ACTIVITY
Where the records below reach the line containing "image 1 of 1", start transcribing, and end with the line containing "19th Century Persian", exactly and with nothing else added.

PROVIDED ENTRIES
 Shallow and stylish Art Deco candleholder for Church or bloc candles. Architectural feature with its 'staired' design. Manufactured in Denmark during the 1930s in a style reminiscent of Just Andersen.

--

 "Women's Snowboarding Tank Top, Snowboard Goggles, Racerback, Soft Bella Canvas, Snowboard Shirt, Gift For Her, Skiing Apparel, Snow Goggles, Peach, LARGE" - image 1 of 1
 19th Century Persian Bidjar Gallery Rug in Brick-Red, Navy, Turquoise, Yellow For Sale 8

...

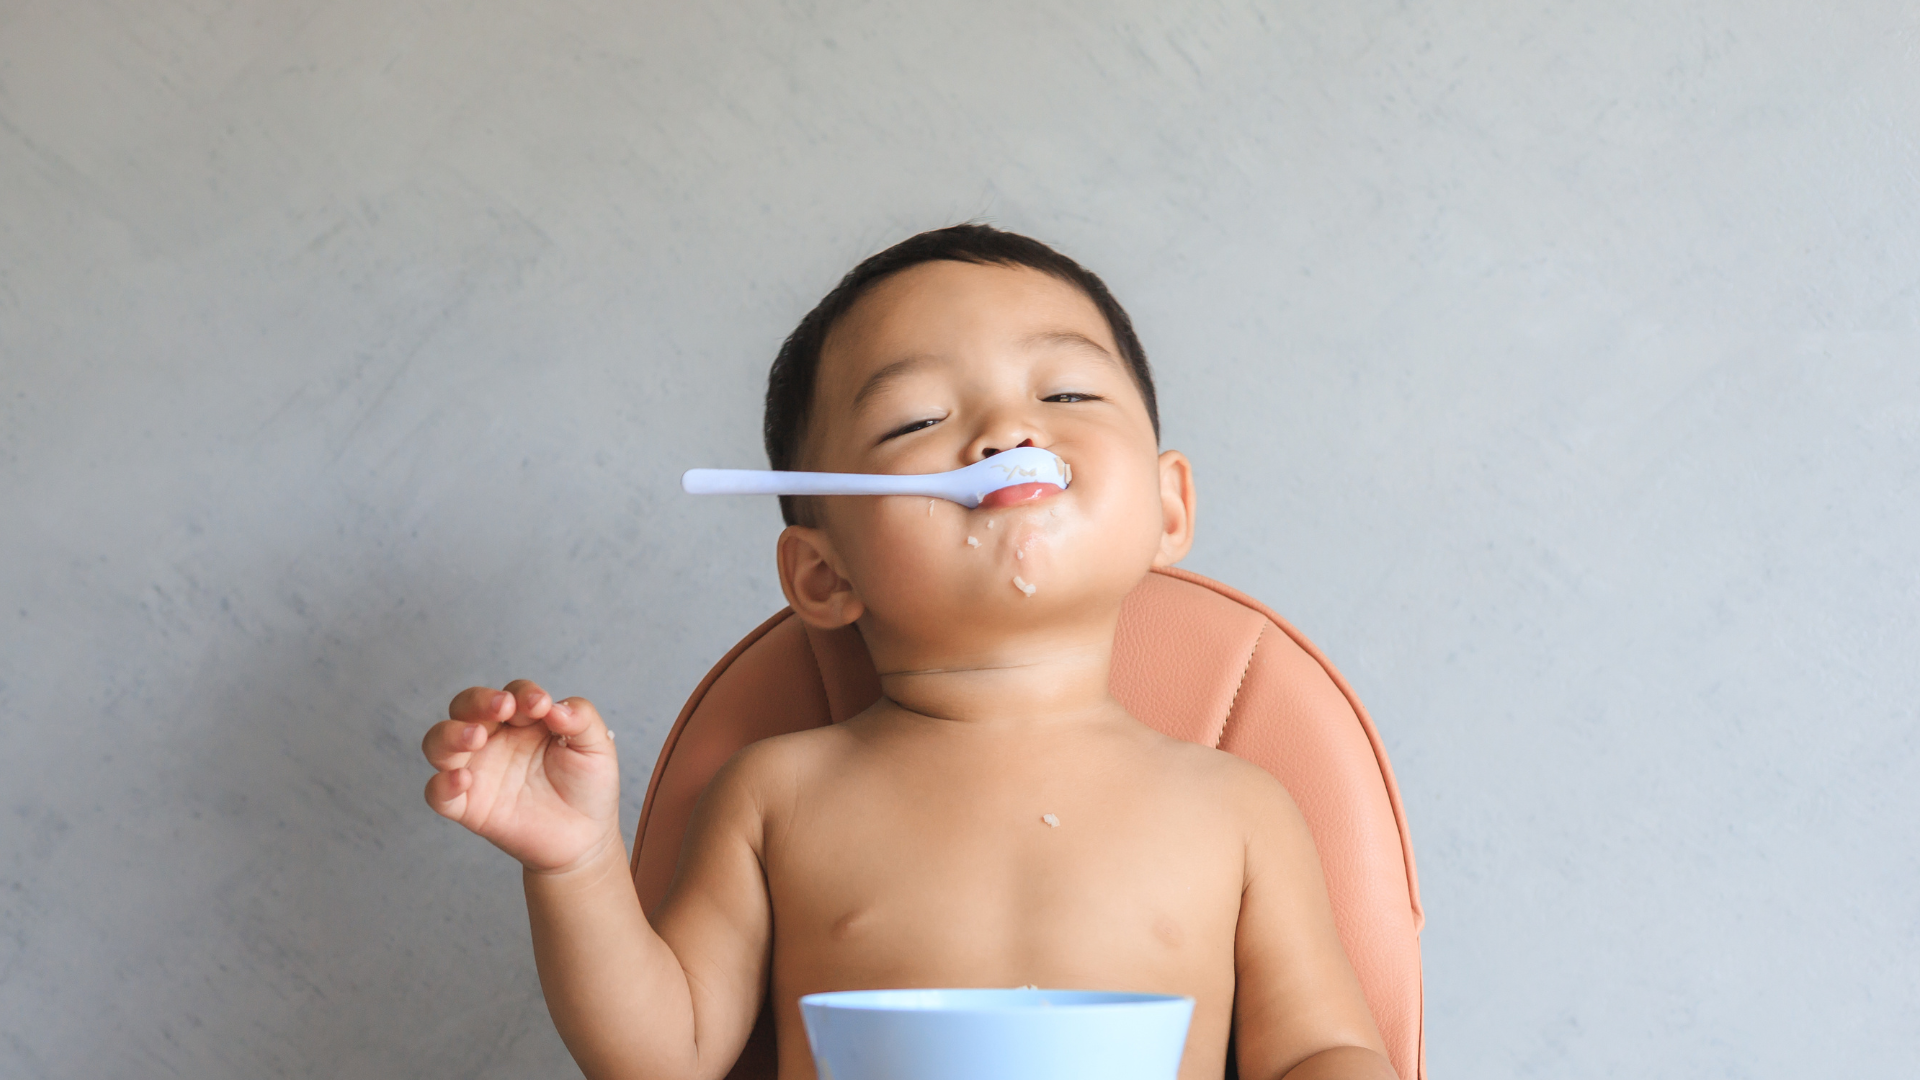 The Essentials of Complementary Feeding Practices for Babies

EXPECTED ANSWER
 "Women's Snowboarding Tank Top, Snowboard Goggles, Racerback, Soft Bella Canvas, Snowboard Shirt, Gift For Her, Skiing Apparel, Snow Goggles, Peach, LARGE" - image 1 of 1
 19th Century Persian Bidjar Gallery Rug in Brick-Red, Navy, Turquoise, Yellow For Sale 8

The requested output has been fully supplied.